Villiarimo also argues that insufficient evidence existed for the Family Court to conclude that Villiarimo's failure to comply with the stated conditions of probation was willful and inexcusable, in essence arguing that evidence of his psychotic disorder renders his noncompliance non-willful and excusable.
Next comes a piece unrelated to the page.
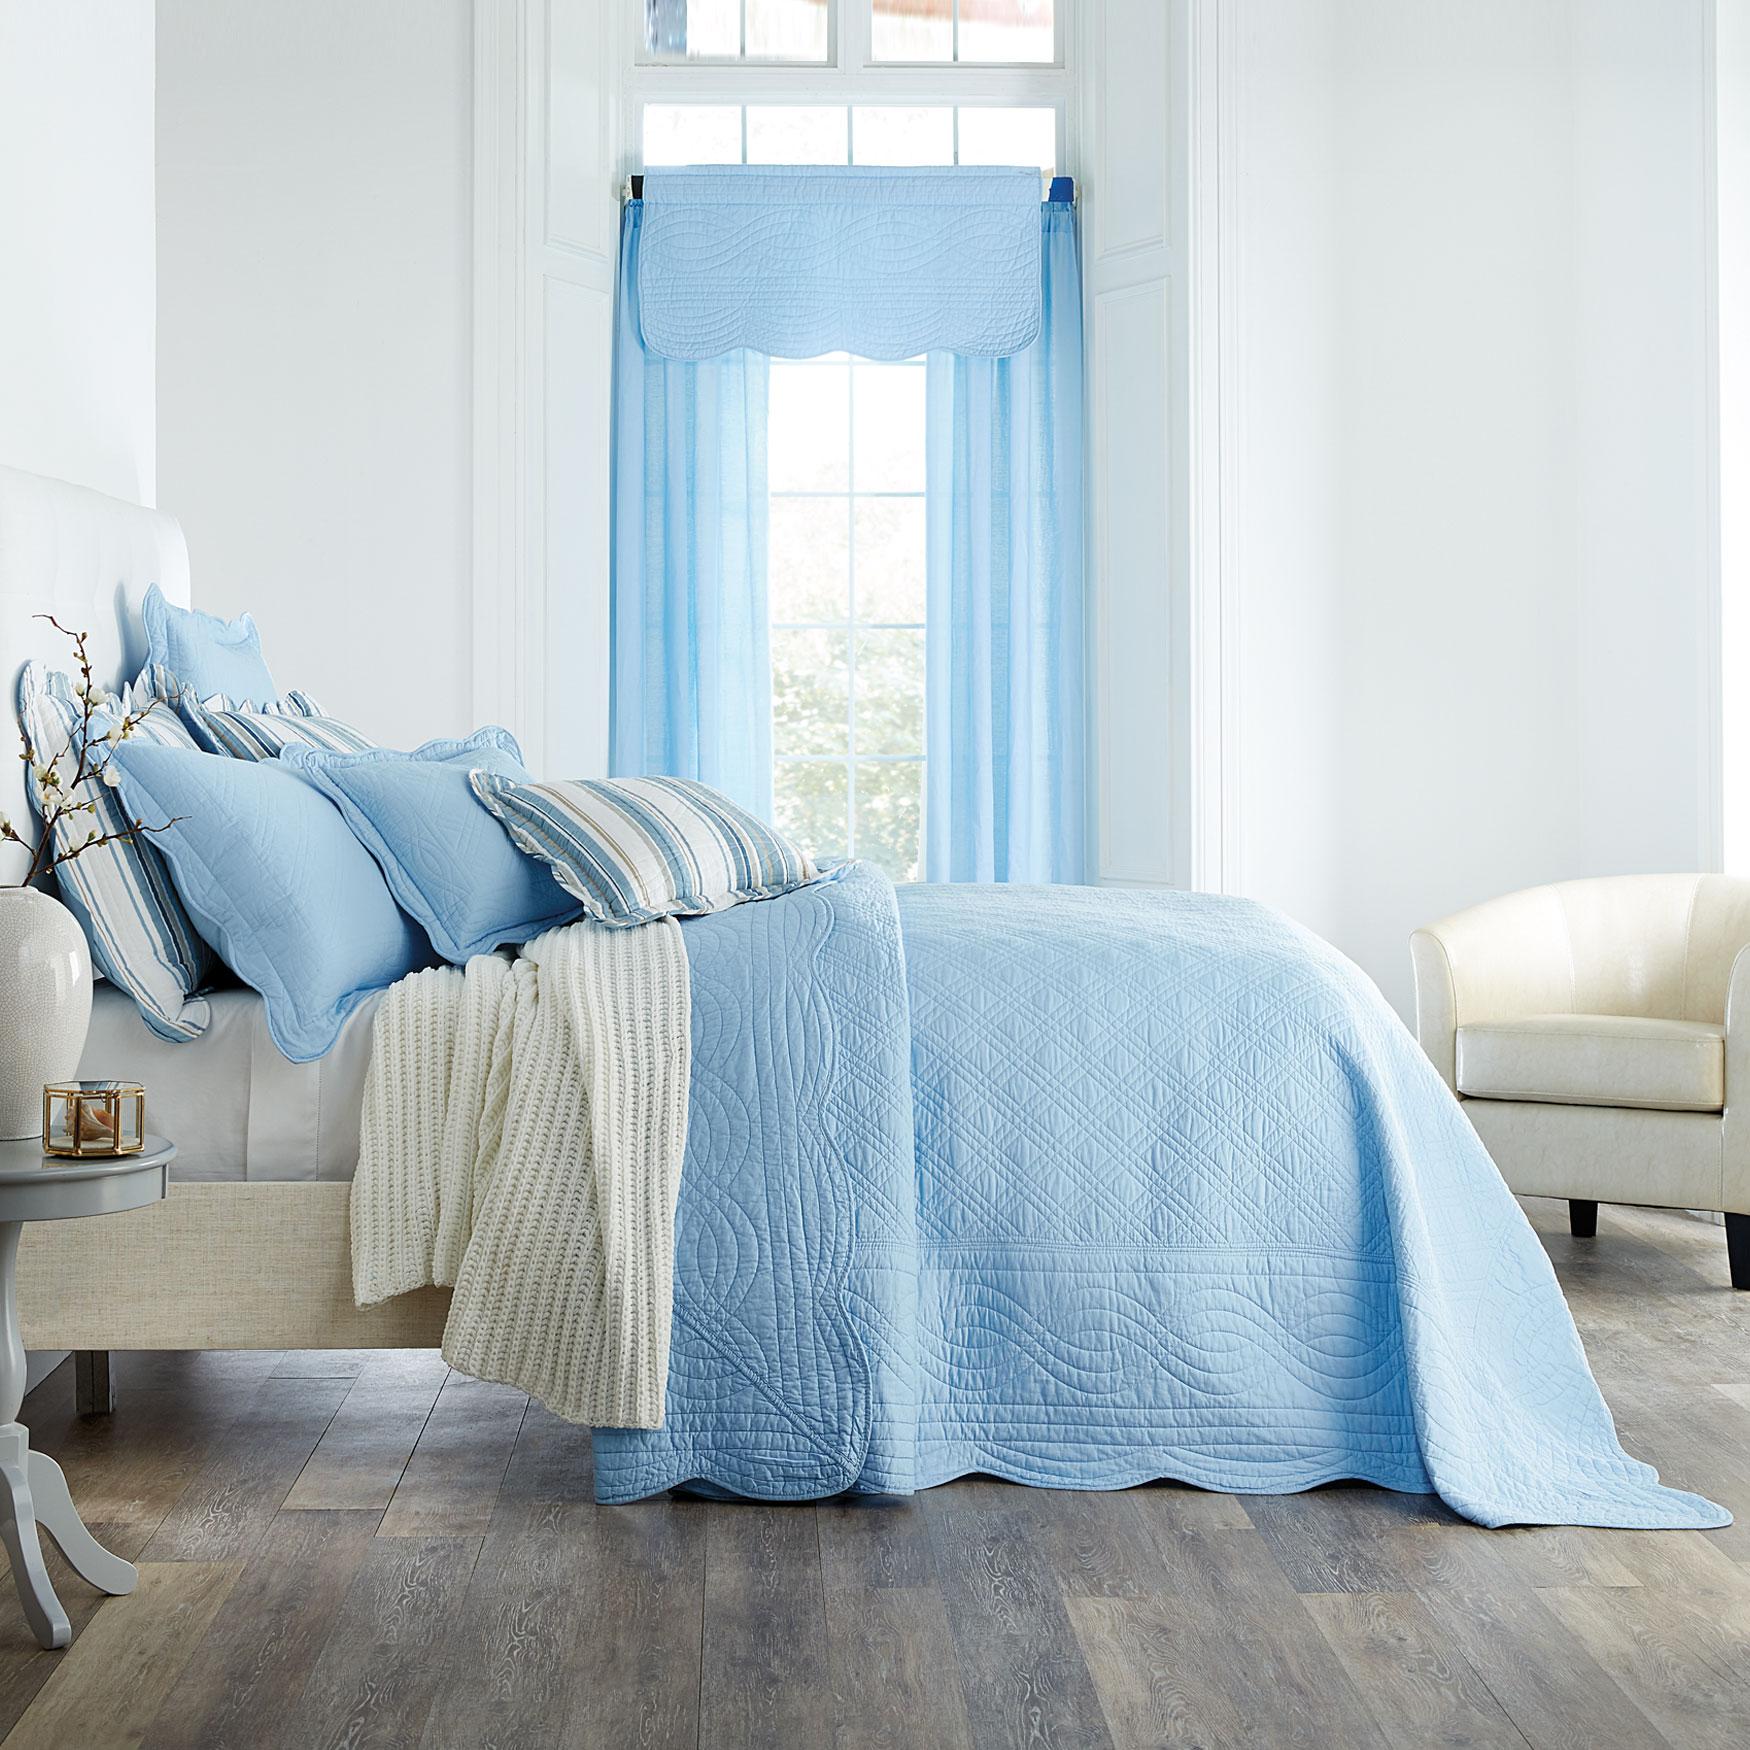 Florence Oversized Bedspread

A circuit court's decision that the failure to comply with a substantial requirement imposed as a condition of an order of probation was inexcusable is a conclusion of law reviewed de novo under the right/wrong standard. Reyes, 93 Hawai‘i at 327, 2 P.3d at 731;Lazar, 82 Hawai‘i at 443, 922 P.2d at 1056. “A conclusion of law that is supported by the trial court's findings of fact and that reflects an application of the correct rule of law will not be overturned.” Reyes, 93 Hawai‘i at 327, 2 P.3d at 731 (quoting Amfac, Inc. v. Waikiki Beachcomber Inv. Co., 74 Haw. 85, 119, 839 P.2d 10, 29 (1994)) (internal quotation marks and brackets omitted).
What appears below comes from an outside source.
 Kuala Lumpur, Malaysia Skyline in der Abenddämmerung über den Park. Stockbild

The principles of voluntary intoxication that “a mental disability excusing criminal responsibility must be the product of circumstances beyond the control of the defendant,” State v. Freitas, 62 Haw. 17, 20, 608 P.2d 408 410 (1980), and that voluntary intoxication is not a defense to criminal conduct, State v. Souza, 72 Haw. 246, 249, 813 P.2d 1384, 1386 (1991), are analogous and applicable to the instant situation. Under HRS § 706–625, “[a] defendant's willfulness is an indicator of culpability.” State v.. Wong, 73 Haw. 81, 87, 829 P.2d 1325, 1328 (1992). HRS § 702–230 “prohibits the jury from considering self-induced intoxication to negate the defendant's state of mind” State v. Birdsall, 88 Hawai‘i 1, 4, 960 P.2d 729, 732 (1998) (citation omitted). “Willful” is tantamount to an “intentional” mental state. See State v. Brown, 70 Haw. 459, 465, 776 P.2d 1182, 1186 (1989) (“willfulness in a context of criminal contempt means a deliberate or intended violation”) (citation, internal quotation marks, and brackets omitted). In consideration of the foregoing, Villiarimo's voluntary intoxication (i.e., his use of drugs) and the psychosis-which he confirms was “self-induced because [h]e used drugs,” and which was a direct consequence of the voluntary intoxication, as admitted by Villiarimo (his relapse in use of drugs “triggered” the psychotic disorder)-cannot be a defense to his willfulness, as an indicator of culpability, in violating of the conditions of his probation. Hence, the Family Court's conclusion that Villiarimo “inexcusably” violated the specified terms of his probation was not wrong.
Therefore, the Family Court of the Second Circuit's September 30, 2010 Order of Resentencing Revocation of Probation is affirmed.